Unter den neu arrangierten Arbeiten stechen “On the Nature of Daylight” und “Flowers of Herself” als besondere Kostbarkeiten heraus. “On the Nature of Daylight” stammt von der wegweisenden Scheibe “The Blue Notebooks”, wo es mit fünf Streichern in einer intimen Fassung zu erleben war. Jetzt erklingt es mit über 65 Streichern des empfindsam musizierenden Baltic Sea Philharmonic und entfaltet in der großflächigen Form eine überwältigende Wirkung.

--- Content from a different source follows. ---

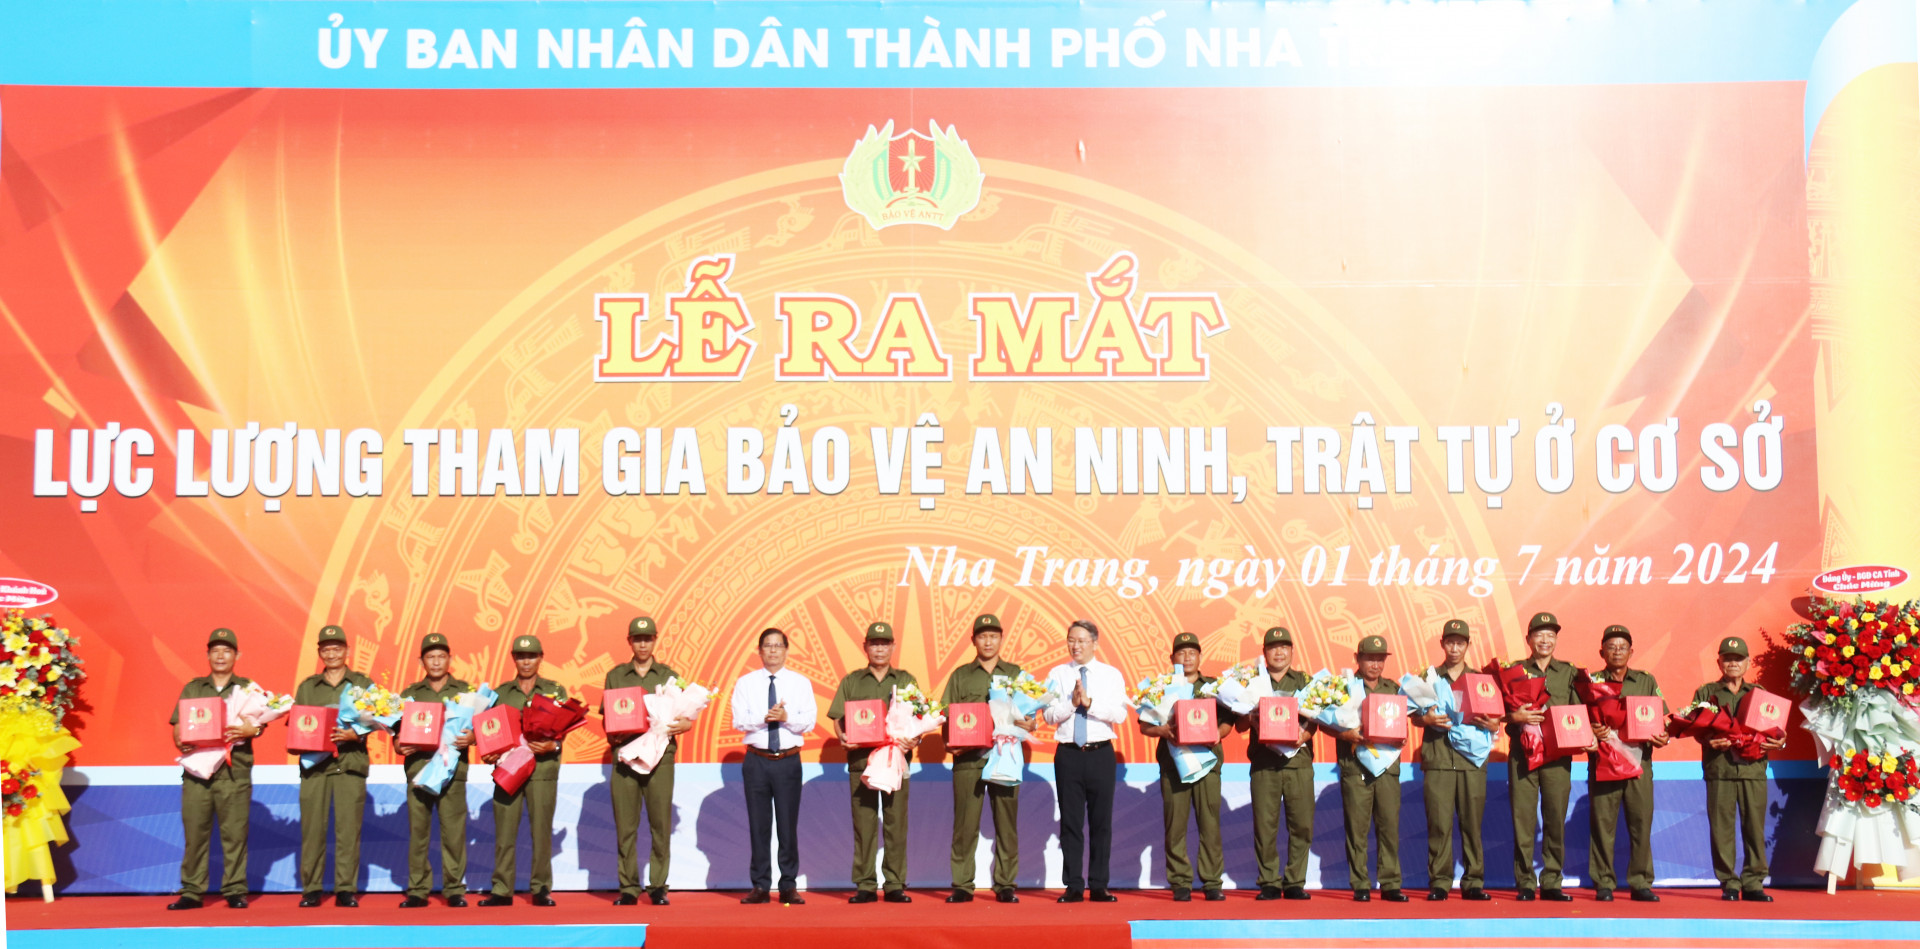 Các đồng chí lãnh đạo tỉnh tặng quà, chúc mừng lực lượng tham gia bảo vệ an ninh, trật tự ở cơ sở TP. Nha Trang

“Flowers of Herself” gehört Richters Musik zu Wayne McGregors Ballett “Woolf Works” an. Es fand aus programmatischen Gründen nicht Eingang in das Album “Three Worlds: Music From Woolf Works”. Jetzt präsentiert Max Richter das Stück in einer Weltersteinspielung. Dargeboten in einer Lang- und Kurzversion, bildet es mit seiner hochdynamischen Stimmung den Kontrapunkt zu dem lyrisch fließenden Klangstrom von “Exiles”.
Einübung des Mitgefühls
In dem Ballett von McGregor hatte “Flowers of Herself” die Funktion, die ruhelose Geschäftigkeit des Stadtlebens darzustellen. “In der Stadt sind alle unterwegs, es ist Bewegung, Bewegung, Bewegung”, so Richter, der mit dem Stück im Kontext seines neuen Albums das Fluchtmoment unser aller Leben ins Blickfeld rücken möchte. In “Exiles” dagegen stellt sich Flucht als langer, mühsamer Weg dar. Das Orchesterwerk, eine 33-minütige Ballettmusik, die von den beiden Haus-Choreographen des Nederlands Dans Theater, Paul Lightfoot und Sol León, in Auftrag gegeben und 2017 zu dem Tanztheaterstück “Singulière Odyssée” in Den Haag uraufgeführt wurde, entfaltet eine beeindruckend weiträumige, elegische Klangpoesie. Die Musik schreitet in wiederkehrenden Mustern gemessen voran. Der Weg scheint sich endlos hinzuziehen, bis er sich am Ende in bebenden Zonen verliert. Eine bedrohliche, hochverletzliche Atmosphäre, die nachdenklich, mitfühlend stimmt. Genau das, was der Komponist beabsichtigte.